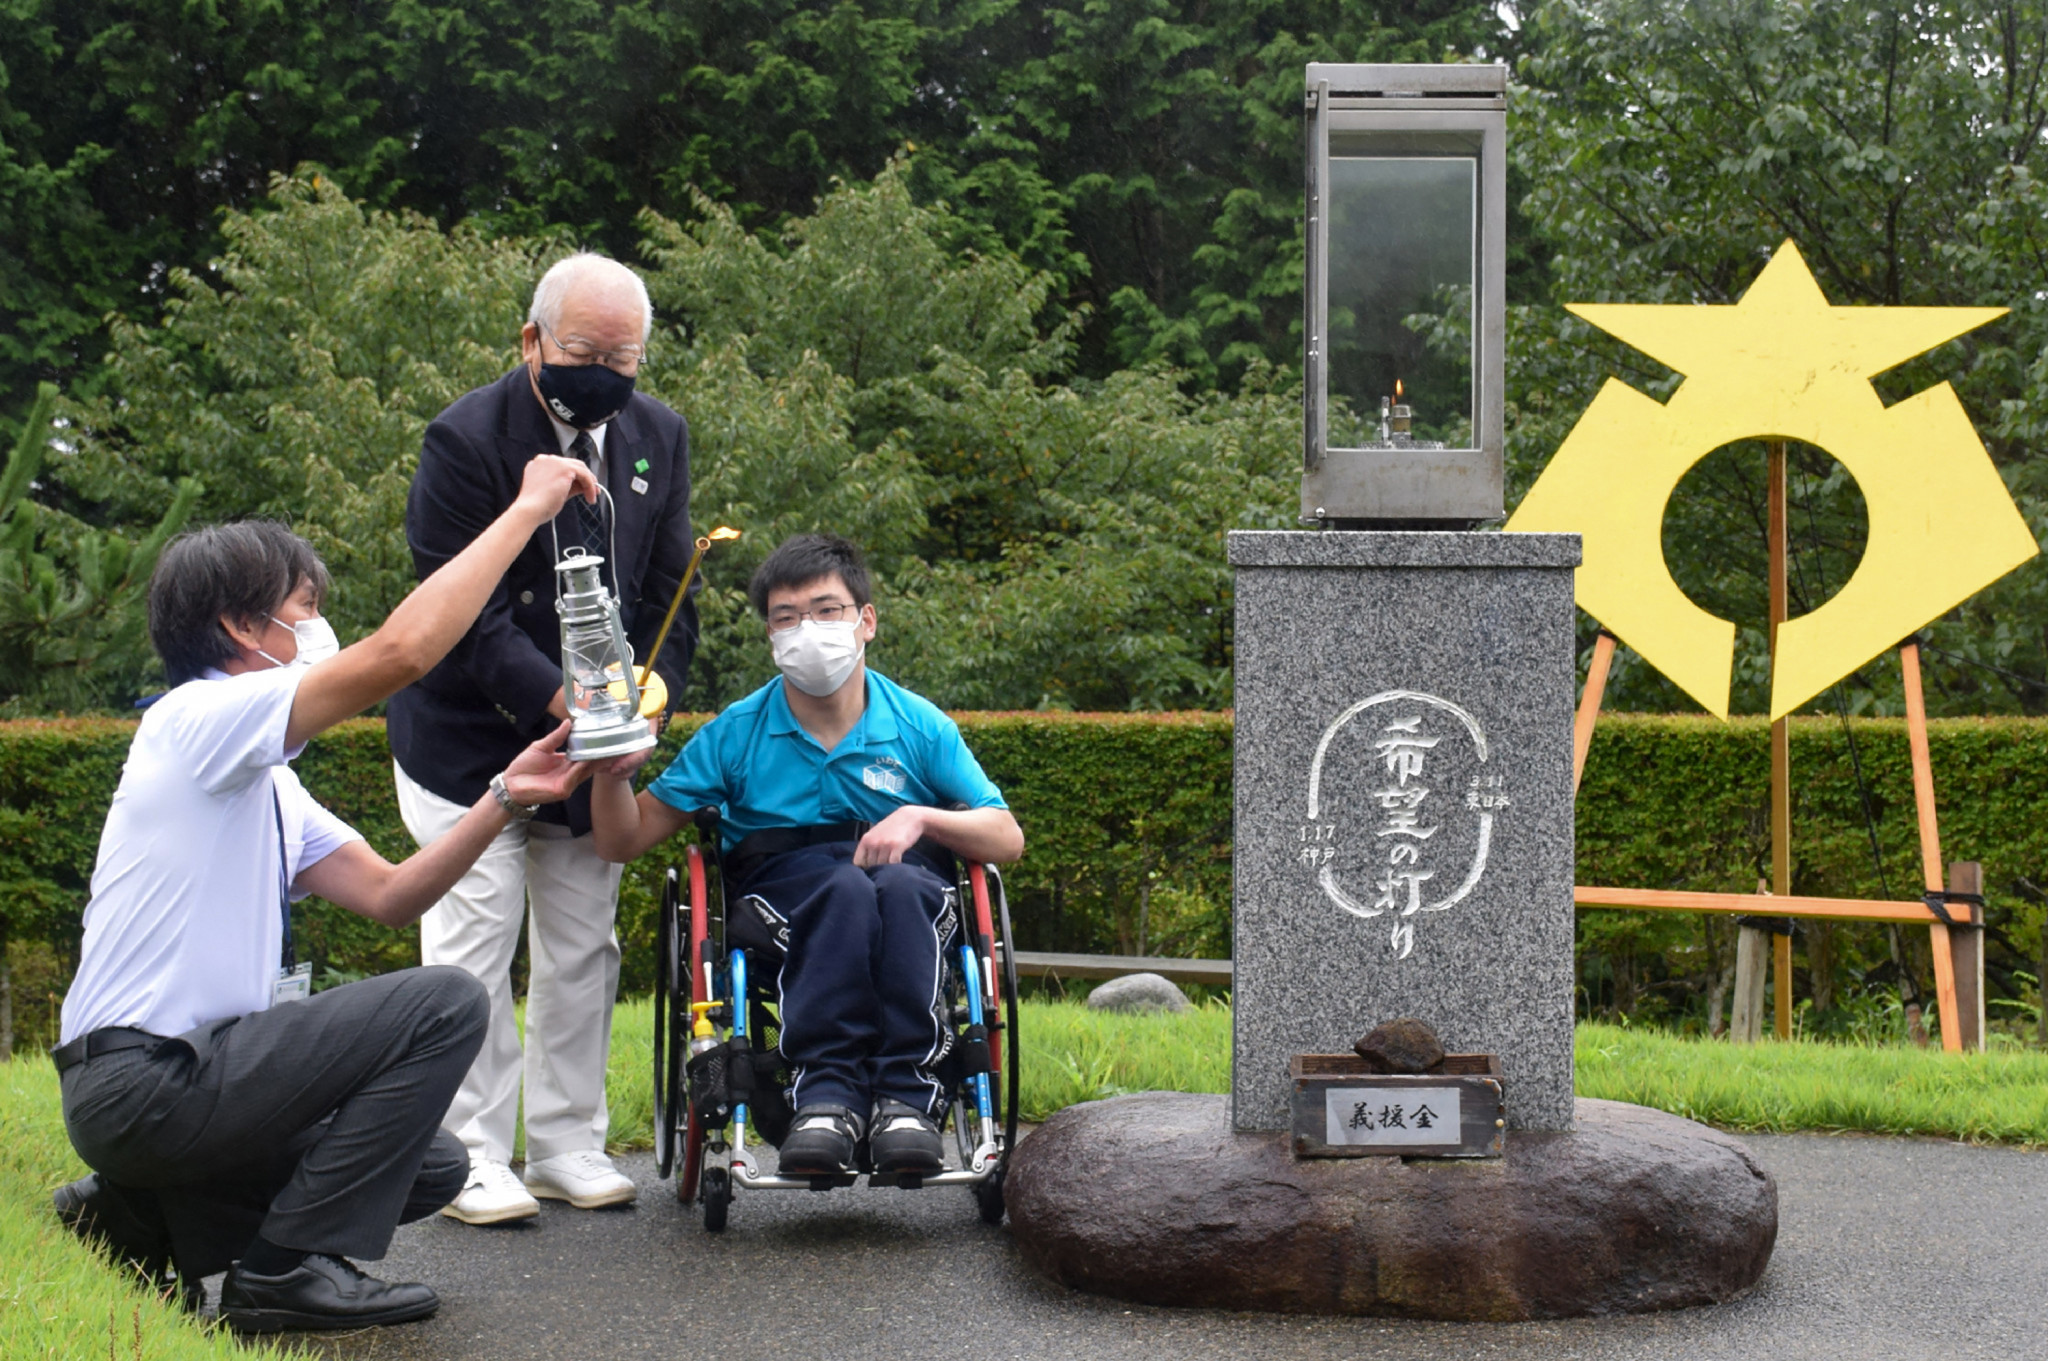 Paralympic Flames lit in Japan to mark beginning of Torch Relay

...

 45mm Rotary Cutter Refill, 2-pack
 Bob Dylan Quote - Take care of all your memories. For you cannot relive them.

HOW TO COMPLETE THIS TASK:
Transcribe the lines above between the line holding "45mm Rotary Cutter Refill, 2-pack" and the line holding "Bob Dylan Quote", inclusive, exactly as they stand and with nothing added.

ANSWER SPACE:
 45mm Rotary Cutter Refill, 2-pack
 Bob Dylan Quote - Take care of all your memories. For you cannot relive them.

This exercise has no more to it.